Thought I'd spread the word. I definitely snatched one up...

Sent from my SCH-I535 using Tapatalk 2


----------



## con247 (Nov 30, 2011)

MistaWolfe said:


> Originally $80, on sale until Saturday for $30.
> 
> Thought I'd spread the word. I definitely snatched one up...
> 
> Sent from my SCH-I535 using Tapatalk 2


Link?

Sent from my SCH-I535 using Tapatalk 2


----------



## Air2thethron3 (Jul 26, 2012)

http://www.bestbuy.com/site/SanDisk+-+Ultra+32GB+Secure+Digital+High+Capacity+(SDHC)+UHS-I+Class+10+Memory+Card/4957218.p;jsessionid=12C474454AF2E76FA4157E4A14740981.bbolsp-app01-18?id=1218582250917&skuId=4957218&st=sandisk%2032gb&cp=1&lp=1


----------



## Air2thethron3 (Jul 26, 2012)

i bought this 1 today

http://www.ebay.com/itm/150868967860?ssPageName=STRK:MEWNX:IT&_trksid=p3984.m1497.l2649#ht_3670wt_1163


----------



## con247 (Nov 30, 2011)

Air2thethron3 said:


> http://www.bestbuy.c... 32gb&cp=1&lp=1


Wrong one, that is full size SD. I can't find a 32GB class 10 @ best buy for $30. Seems normal pricing returned?


----------



## Goose306 (Sep 12, 2011)

con247 said:


> Wrong one, that is full size SD. I can't find a 32GB class 10 @ best buy for $30. Seems normal pricing returned?


Amazon is most always shipping them for $30. That's where I got mine.

http://www.amazon.com/SanDisk-microSDHC-Memory-Adapter-SDSDQUA-032G-U46A/dp/B007XZM6VG/ref=sr_1_2?ie=UTF8&qid=1345777506&sr=8-2&keywords=32+gb+micro+sd+card+class+10

Eligible for either Free Super Saver OR Prime if you got it. I prime'd it (I get alot of shizz off Amazon lol) showed up a day and a half later. Couldn't beat it.


----------



## kameleongt (Jun 7, 2011)

con247 said:


> Wrong one, that is full size SD. I can't find a 32GB class 10 @ best buy for $30. Seems normal pricing returned?
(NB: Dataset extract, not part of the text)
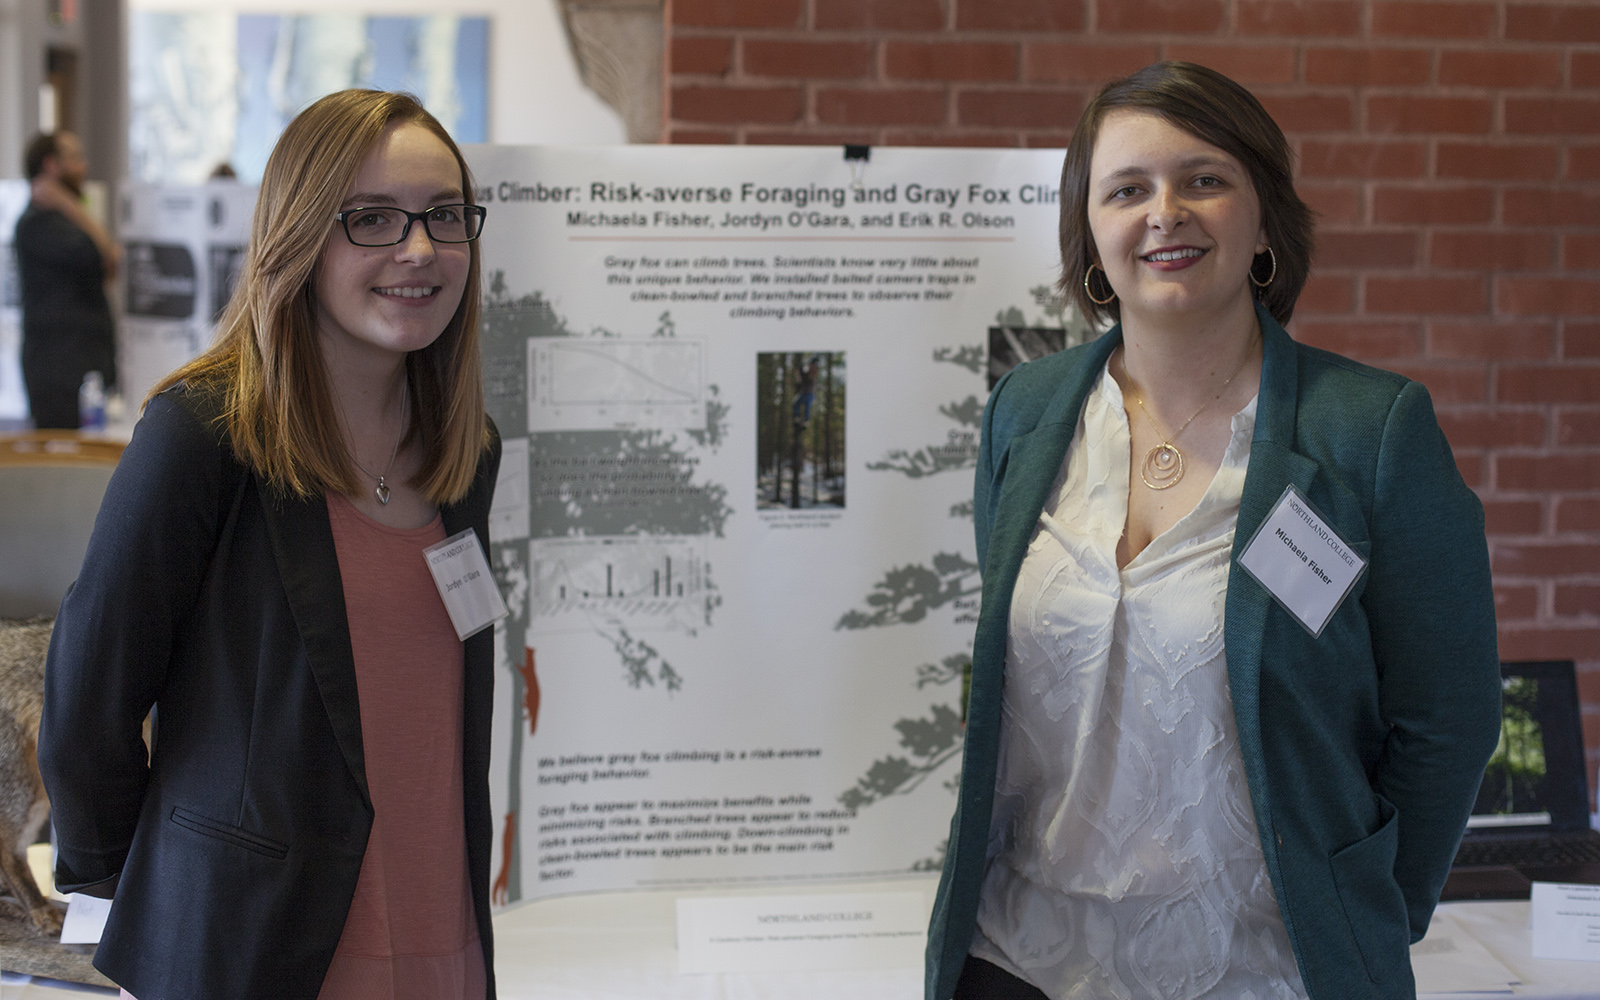 Northland College students present original research on gray fox behaviors.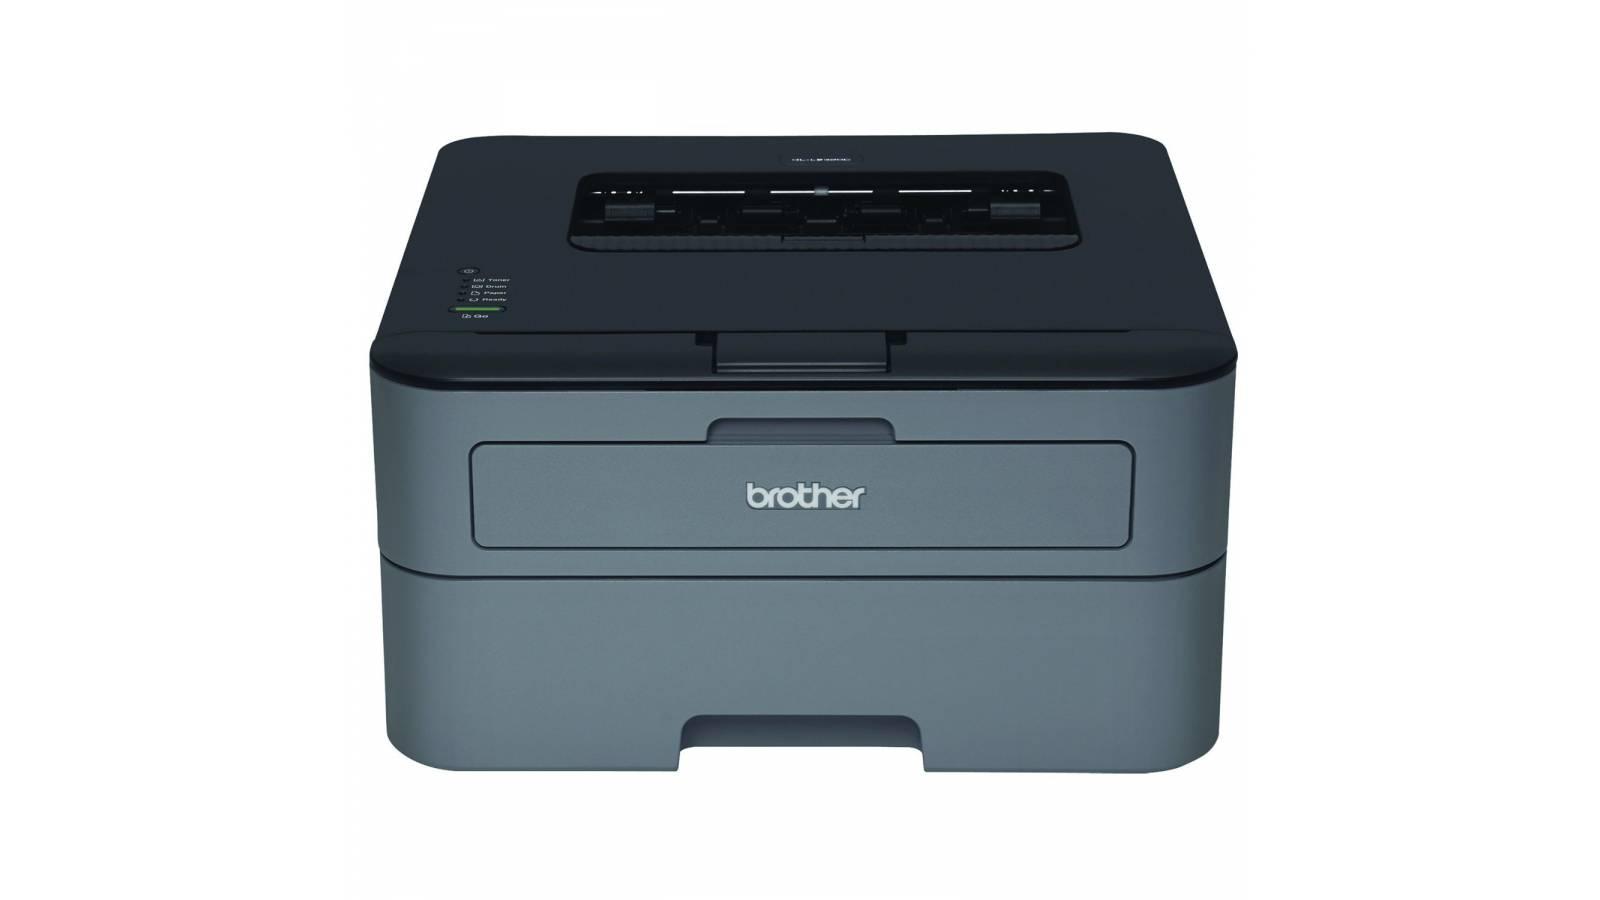 Nueva Impresora Brother HL-L2320D

I stopped by a best buy store and it was full price. 32gb microsd

Sent from my SCH-I535 using Tapatalk 2


----------



## MistaWolfe (Oct 10, 2011)

kameleongt said:


> I stopped by a best buy store and it was full price. 32gb microsd
> 
> Sent from my SCH-I535 using Tapatalk 2


Well then that little nerd at BB is an idiot. Lol. He said it was store/company wide until Saturday.

This IS a good deal, right? I thought so at least 

My bad on this, guys. If it isn't panning out I might as well take this thread down. For what it's worth, I'm in Iowa. So if you're there, GO TO BEST BUY!! 

Sent from my SCH-I535 using Tapatalk 2


----------



## droid3r (Dec 8, 2011)

The op is drunk
Originally 80??? No such thing a 32gb card costing 80

VZW GALAXY S 3 4G LTE


----------



## MistaWolfe (Oct 10, 2011)

I'll go back tomorrow and take a pic. Lol.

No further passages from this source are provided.